Given this outcome, UPS and TNT Express entered a separate agreement to terminate the merger protocol, and we withdrew
our formal offer for TNT Express. We paid a termination fee to TNT Express of €200 million ($268 million) under this
agreement, and also incurred transaction-related expenses of $16 million during the first quarter of 2013. The combination of
these items resulted in a pre-tax charge of $284 million ($177 million after-tax), which impacted our International Package
segment.
Gain upon the Liquidation of a Foreign Subsidiary
Subsequent to the termination of the merger protocol, we liquidated a foreign subsidiary that would have been used to
acquire the outstanding shares of TNT Express in connection with the proposed acquisition. Upon the liquidation of this
subsidiary in the first quarter of 2013, we realized a pre-tax foreign currency gain of $245 million ($213 million after-tax),
which impacted our International Package segment.
NOTE 16. QUARTERLY INFORMATION (unaudited)

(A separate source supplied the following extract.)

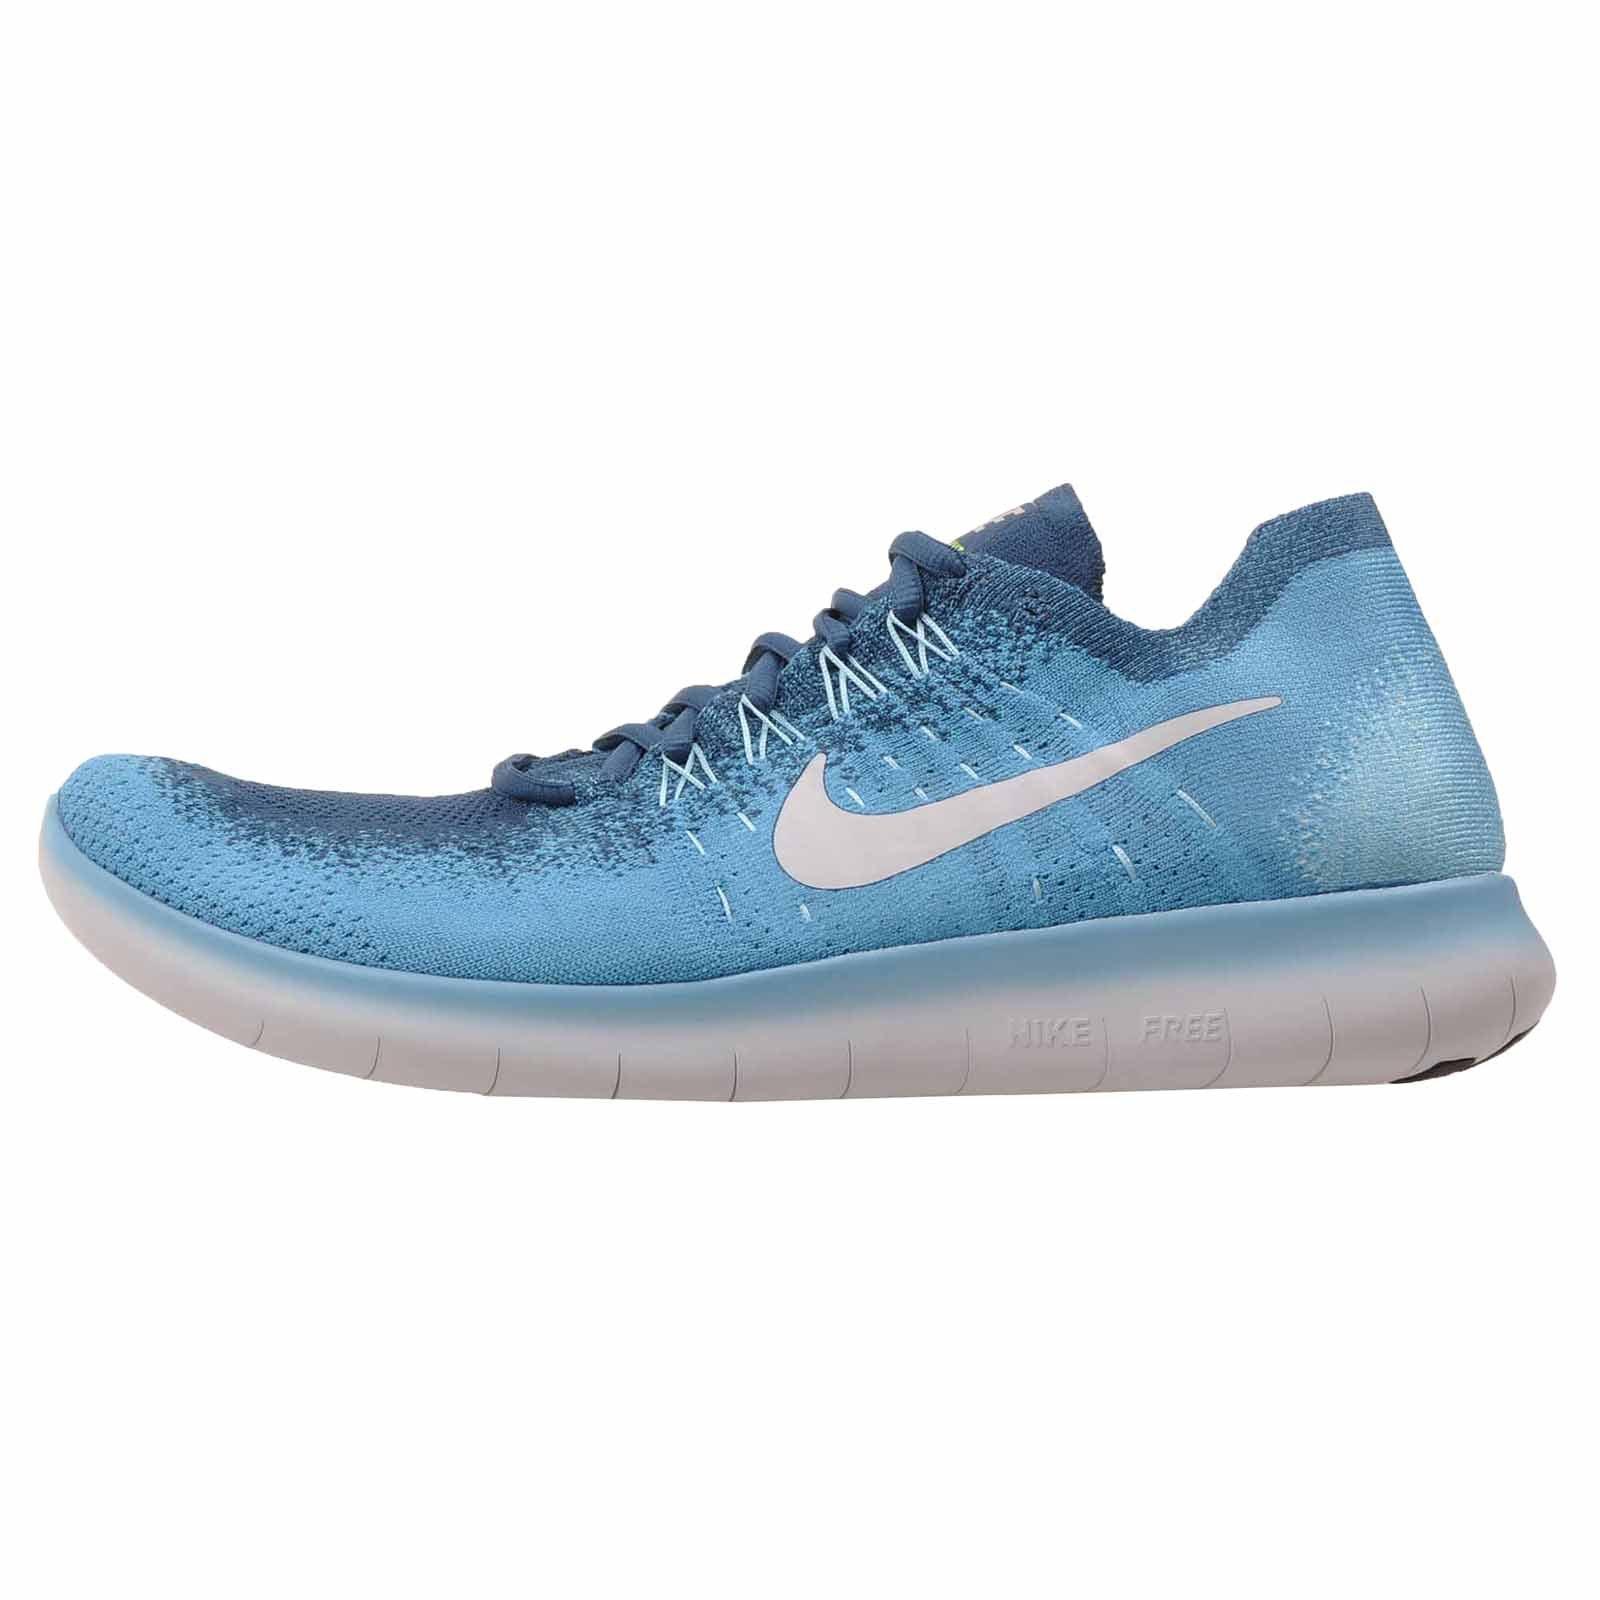 Nike Free Rn Flyknit 2017 Sz 11 Mens Running Blue Lagoon/Pure Platinum-Legend Blue Shoes

Our revenue, segment operating profit, net income, basic and diluted earnings per share on a quarterly basis are presented
below (in millions, except per share amounts):
First Quarter Second Quarter Third Quarter Fourth Quarter
2014 2013 2014 2013 2014 2013 2014 2013
Revenue:
U.S. Domestic Package $ 8,488 $ 8,271 $ 8,668 $ 8,241 $ 8,691 $ 8,254 $ 10,004 $ 9,308
International Package 3,127 2,978 3,252 3,062 3,183 3,017 3,426 3,372
Supply Chain & Freight 2,164 2,185 2,348 2,204 2,416 2,250 2,465 2,296
Total revenue 13,779 13,434 14,268 13,507 14,290 13,521 15,895 14,976
Operating profit (loss):
U.S. Domestic Package 927 1,085 209 1,132 1,279 1,186 444 1,200
International Package 438 352 444 451 460 417 335 537
Supply Chain & Freight 148 143 94 159 215 201 (25) 171
Total operating profit 1,513 1,580 747 1,742 1,954 1,804 754 1,908
Net income $ 911 $ 1,037 $ 454 $ 1,071 $ 1,214 $ 1,097 $ 453 $ 1,167
Net income per share:
Basic $ 0.99 $ 1.09 $ 0.49 $ 1.14 $ 1.33 $ 1.17 $ 0.50 $ 1.26
Diluted $ 0.98 $ 1.08 $ 0.49 $ 1.13 $ 1.32 $ 1.16 $ 0.49 $ 1.25
Operating profit for the quarter ended December 31, 2014 was impacted by two items, as follows:
A mark-to-market loss of $1.062 billion on our pension and postretirement benefit plans related to the remeasurement
of plan assets and liabilities recognized outside of a 10% corridor (allocated as follows—U.S. Domestic Package $660
million, International Package $200 million, Supply Chain & Freight $202 million). This loss reduced net income by
$670 million, and basic and diluted earnings per share by $0.74.
A pre-tax charge of $36 million associated with the remeasurement and settlement of postretirement health and welfare
benefit obligations for certain employees covered by collective bargaining agreements (allocated as follows—U.S.
Domestic Package $33 million, International Package $1 million, Supply Chain & Freight $2 million). This charge
reduced net income by $22 million, and basic and diluted earnings per share by $0.02.